Friday, June 7, 2013

I'm Sure the NSA Folks Are Very Nice But What About the Other Government Guys Who Will Sift Through Our Data

With the latest Obama scandal it seems pretty clear that the NSA is tracking what each of us do online, who we call and from where.  The two defenses of such an incredible breach of privacy without any probable cause are:

1.  It's perfectly legal
2.  The NSA is just sifting through metadata, looking for patterns, they don't really care about you.  Innocent Americans have nothing to fear.

And yes, it is all technically legal because of Section 215 of the Patriot Act.  The key text of this section reads:

The Director of the Federal Bureau of Investigation or a designee of the Director (whose rank shall be no lower than Assistant Special Agent in Charge) may make an application for an order requiring the production of any tangible things (including books, records, papers, documents, and other items) for an investigation to protect against international terrorism or clandestine intelligence activities, provided that such investigation of a United States person is not conducted solely upon the basis of activities protected by the first amendment to the Constitution.

So I guess somehow all of America is now "under investigation"?  I really don't think it was obvious when this section was written that the government would get carte blanche to sift through EVERY phone and electronic record looking for Al-Qaeda.  Clearly the interpretation of Obama's legal team is a bit of a stretch.  Even the guy who wrote the Patriot Act thinks so, calling the actions of the NSA "un-American".  At best from a legal standpoint, we are in a grey zone. 

I also think it's a bit of a cop out to say something is okay because it's legal.  Slavery was legal here.
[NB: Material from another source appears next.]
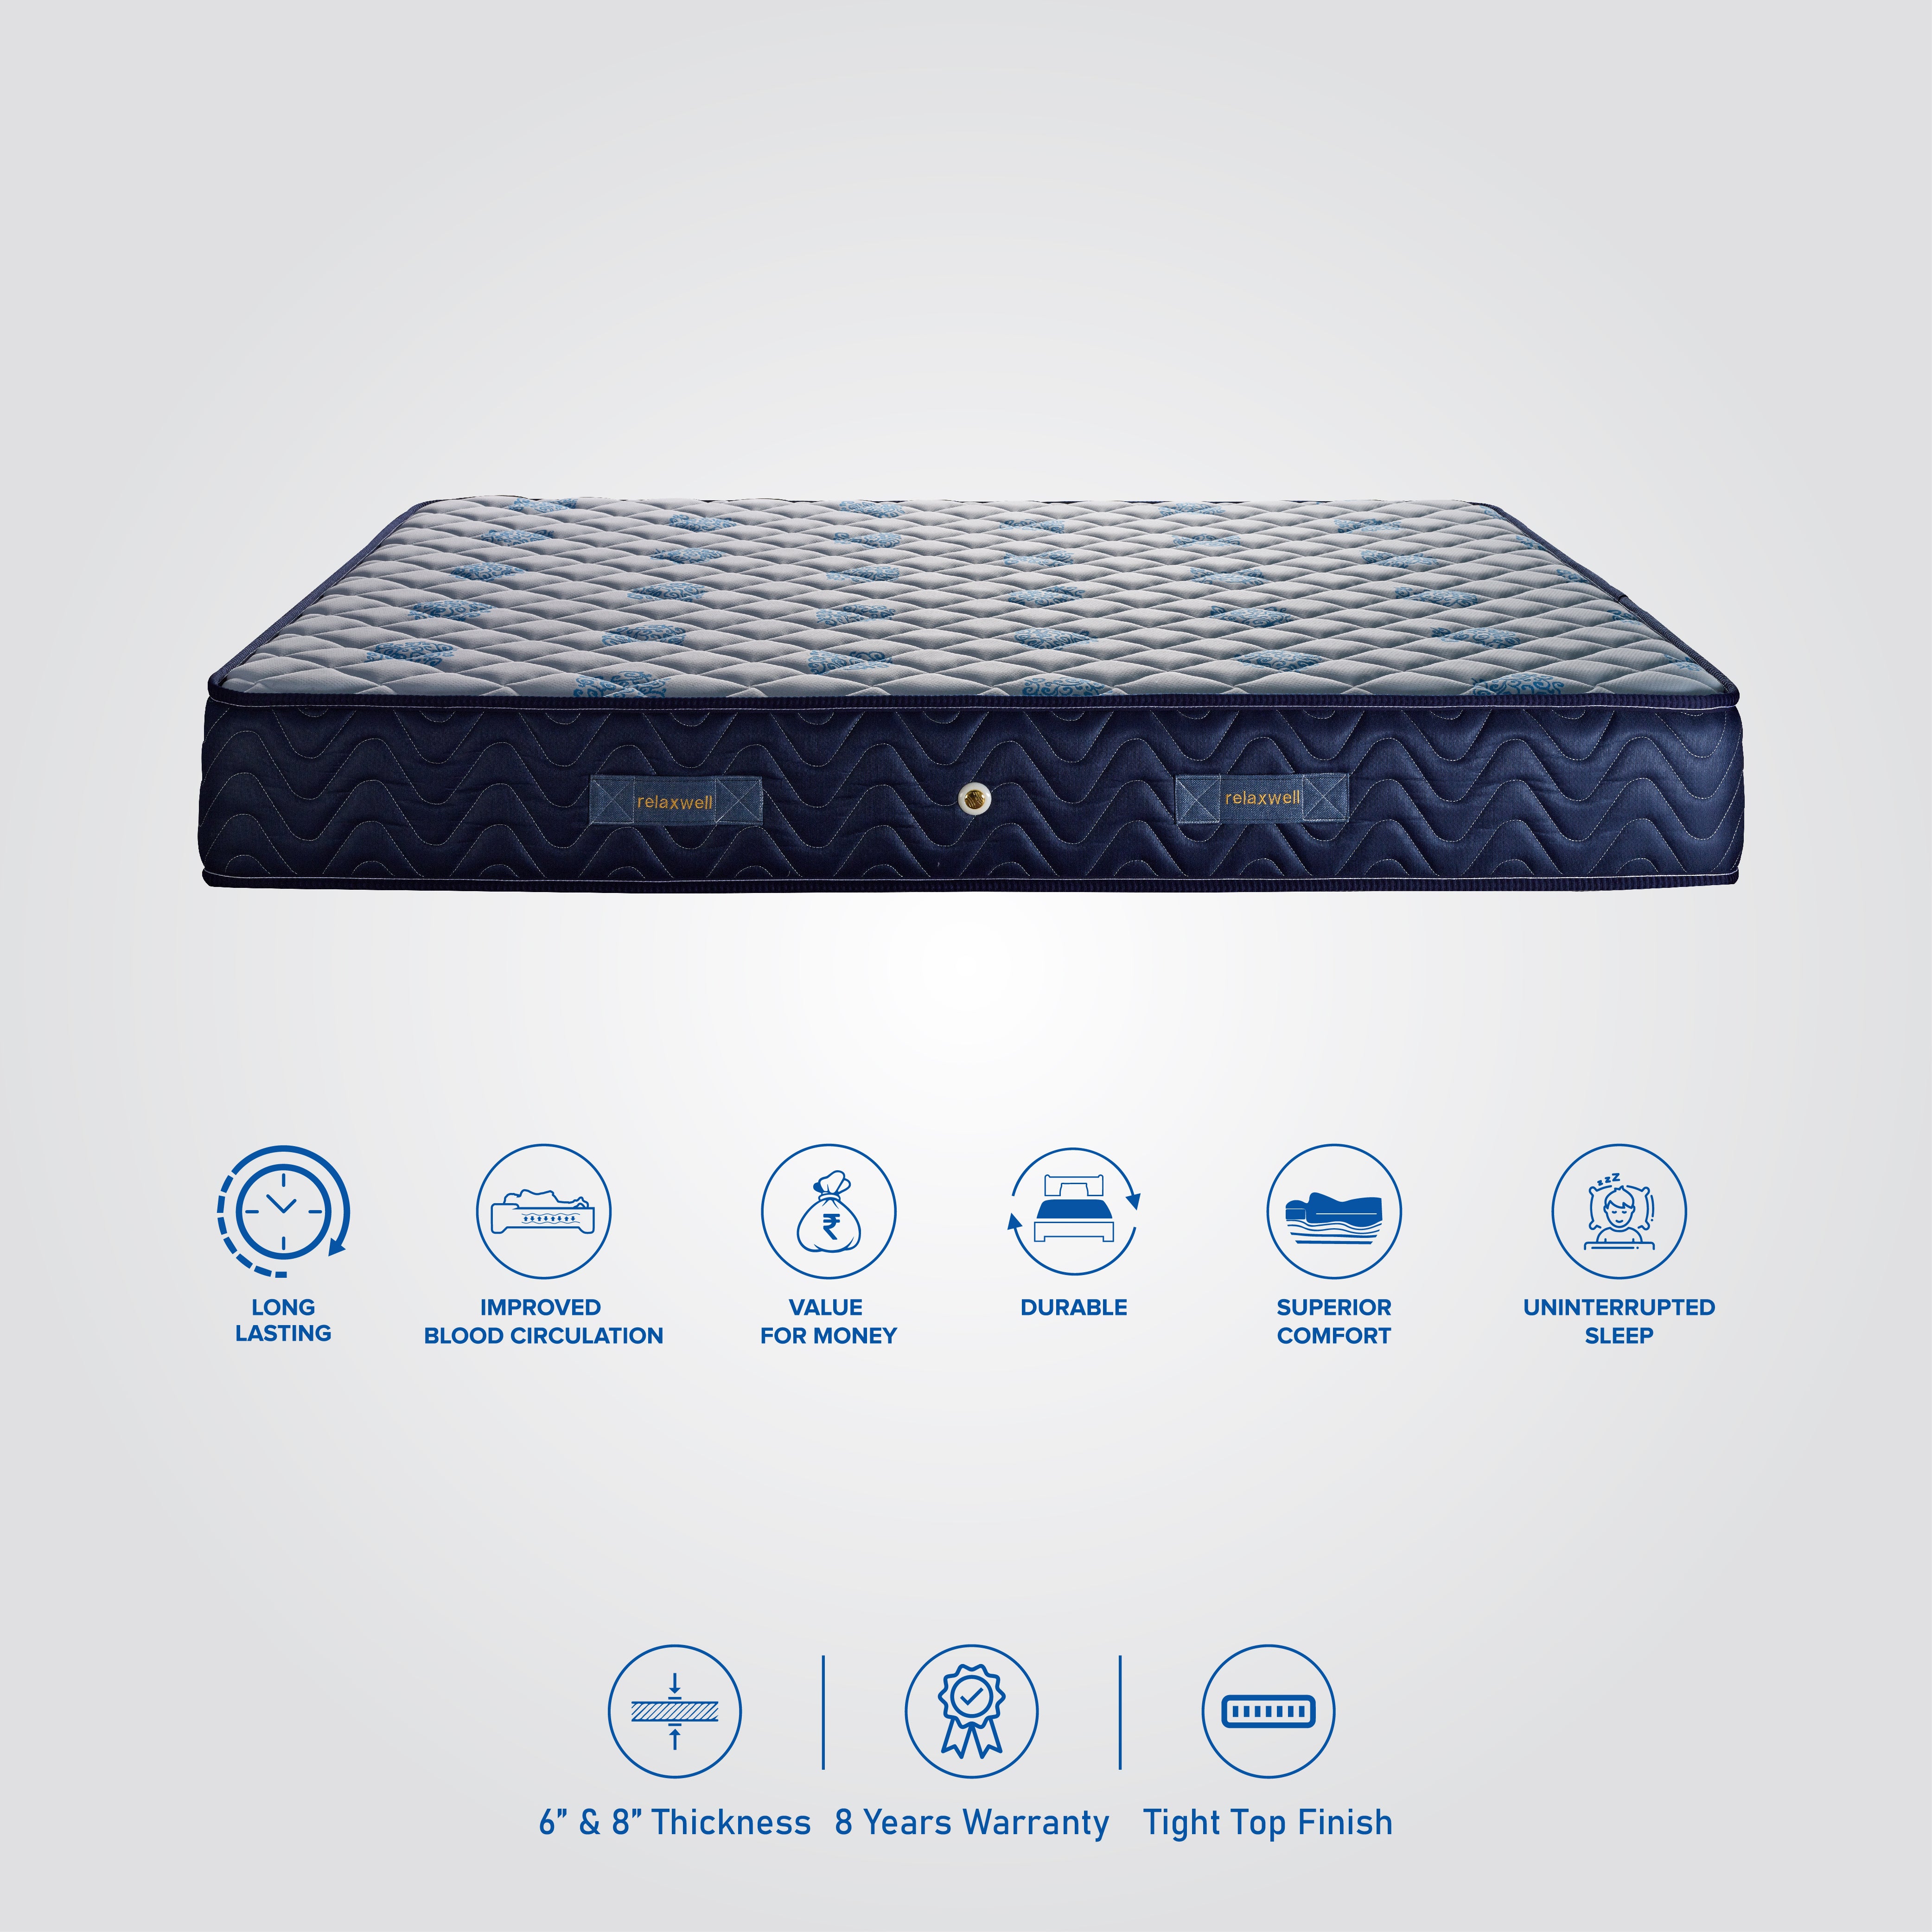 Comfort Pocketed Spring Mattress In India

So were Jim Crow laws.  Hitler took power through legal parliamentary procedures and passed his Nuremburg laws the same way (my apologies to Godwin).  When 2000 page bills are passed without people reading them, of course the government can find some subsection of some law to say they are allowed to do what they are doing. 

Also laws don't mean much when there isn't oversight to make sure they aren't abused.  Oh there is oversight of the Patriot Act?  By whom?  It's always other members of government.  The problem with that is, as long as they are part of the same broader organization, they are never truly independent.  There is always some way to pressure them to rule the way you want. So the legal justification really only goes so far.  I think what is more important would be whether a reasonable person would think it is right or wrong and I'm pretty sure that the government acting like Big Brother would not be viewed as right by reasonable Americans.

On my other point, I actually do have faith that the NSA doesn't care about the pictures I put up on Facebook or the video I put up of my 13 month old dancing to rock music.  They are data mining and looking for patterns, patterns that can help them identify and breakup terrorist cells.  The problem is how can you say this will always be the case?  What if one day, one legalese line to the effect of "for the sake of efficiency, any data harbored by one government agency shall be shared with the other government agencies so that they can better achieve their mandates" is inserted into some 2000 page bill that nobody reads and subsequently passes?  Just as the original Section 215 didn't say explicitly that the NSA will be snooping into your life whether you are under investigation or not, the next legal change won't say that the IRS or whomever will have access to the same data.  And I'm sure when THAT story breaks we will hear the excuse that it's all legal as well.  

Government abuses power, that is what it does.  We need to make sure we it them as little power as possible.